F stop will determine how much light comes into your photo. Decide how much you want in focus and then set your aperture. Make sure your ISO is low and you can also bump up your SS if you need to.
Another thing to keep in mind is maybe stopping your F/ down to be able to retain the details in the sky if that is part of your photo. A sky can easily get blown out in harsh light.
Position your subject out of the shadow. You might also need to have your subject close their eyes and only open when you take the shot. Lastly, try shooting from above!
Well, that’s it! These are just a few things you can do to get started shooting in the harshest of light.
For me, it was a lot of trial and error, so don’t be discouraged if your first attempts aren’t what you want them to be.
See what works. See what doesn’t work… but, most of all, have fun! You’ll be surprised what can happen when you step out of your comfort zone!
Read more about hard and dramatic light:
– The Magic of Light and Shadows
– How to Tell if your Highlights are Blown (and how to fix them)
I have just recently started shouting in harsh light as well and was surprised at how much I like it! These are great tips! ❤️
A good article, but what is HARD LIGHT, when, where and how to encounter one? OK I am 69, a pretty good Amateur Photographer so maybe I know. But hundreds of young people and the novice may not. Can HARD LIGHT be made artificially as in the studio or the home. Hard light as the one found on a bright sunny day say on the beach or an icefield or an open market is challenging, but I love it. The high contrast, hard edges, lots of texture and detail, the peppy photo is just amazing. I can use the shadows falling on the ground or a wall to impact the photo. Yes, do not over expose – be on the darker side – and the color will pop on post processing with deeper richer colors.
Great list of tips with example! Question, how did you select your white balance for the pool shot? Every time I try to take pictures of my family in the pool with my DSLR, I get very blue pictures. Thanks!
I recently had to shoot an outdoor wedding. This was last minute and and not a shady spot in sight. With creative positioning and under exposing some imqges, I was able to handle the job. I will say, I was REALLY nervous about a 2pm wedding! This article is awesome! The tips are fantastic!.

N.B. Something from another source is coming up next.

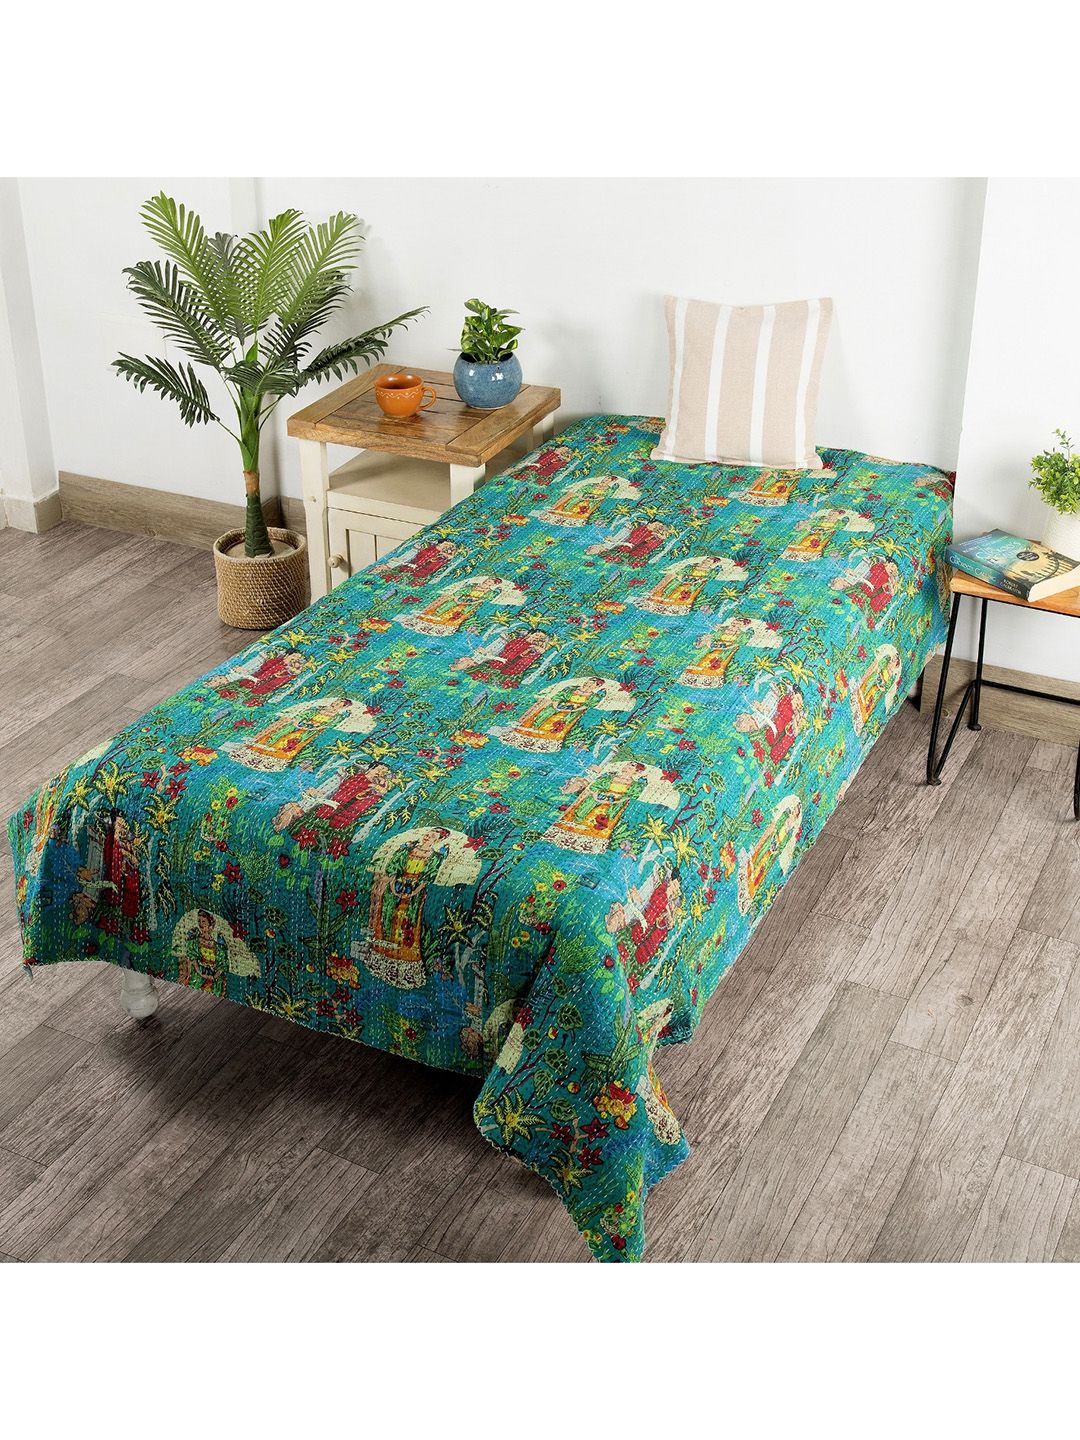 HANDICRAFT PALACE Green Frida Kahlo Printed Kantha Quilted Cotton Single Bed Cover Price in India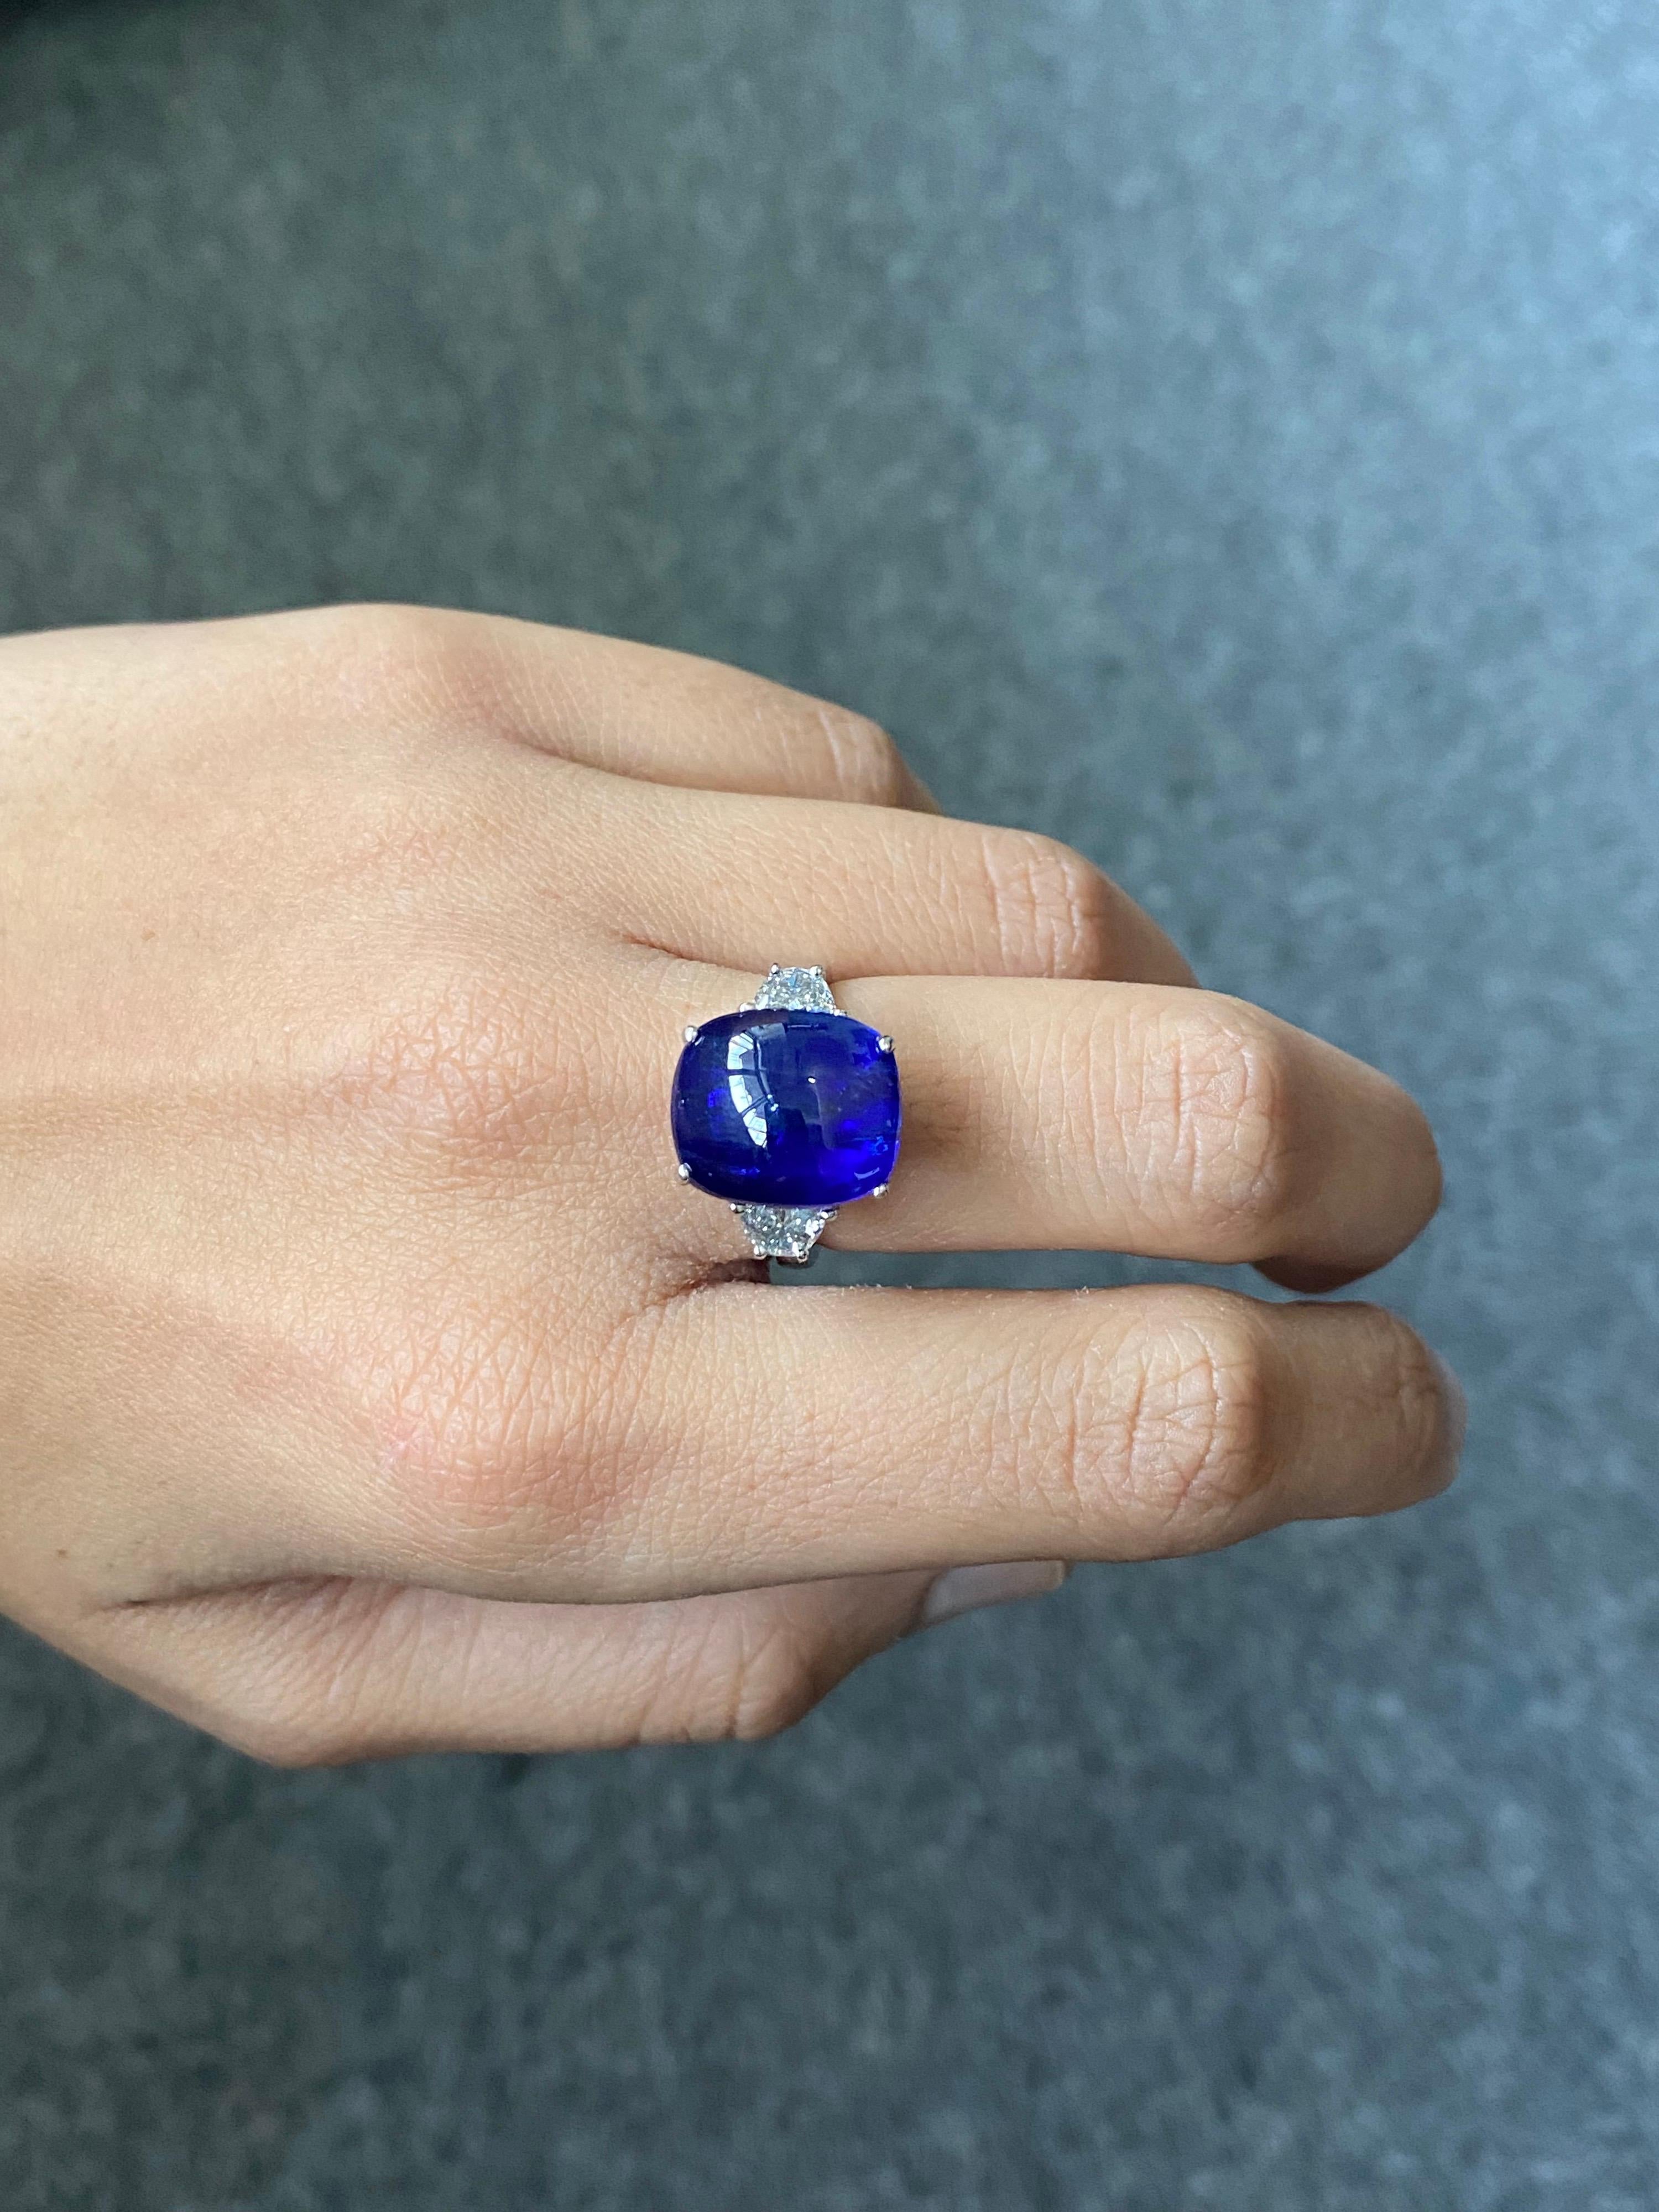 A beautiful, Ceylon Blue Sapphire and Diamond three-stone engagement ring set in solid 18K White Gold. With a 13.35 carat cushion shaped Sapphire in the centre, with half-moon White Diamonds on the side. The Sapphire is transparent, with a beautiful

Thanks for these tips! I’m curious, can you set Kelvin on a Canon Rebel T series? Or is that only an option on a full-frame, such as the 5D Mark series? I’m guessing that is the case, because I can’t find that setting adjustment anywhere on my Rebel. Thanks!
Great post, being an older photographer and being an amateur when it comes to digital photography ( I learnt on film photography in the 80s), I find your post very informative and encouraging. I am not afraid to shoot in hard light and using different lenses, but sometimes everything goes haywire, and it is good to redial and see where I went wrong. Keep up the good work.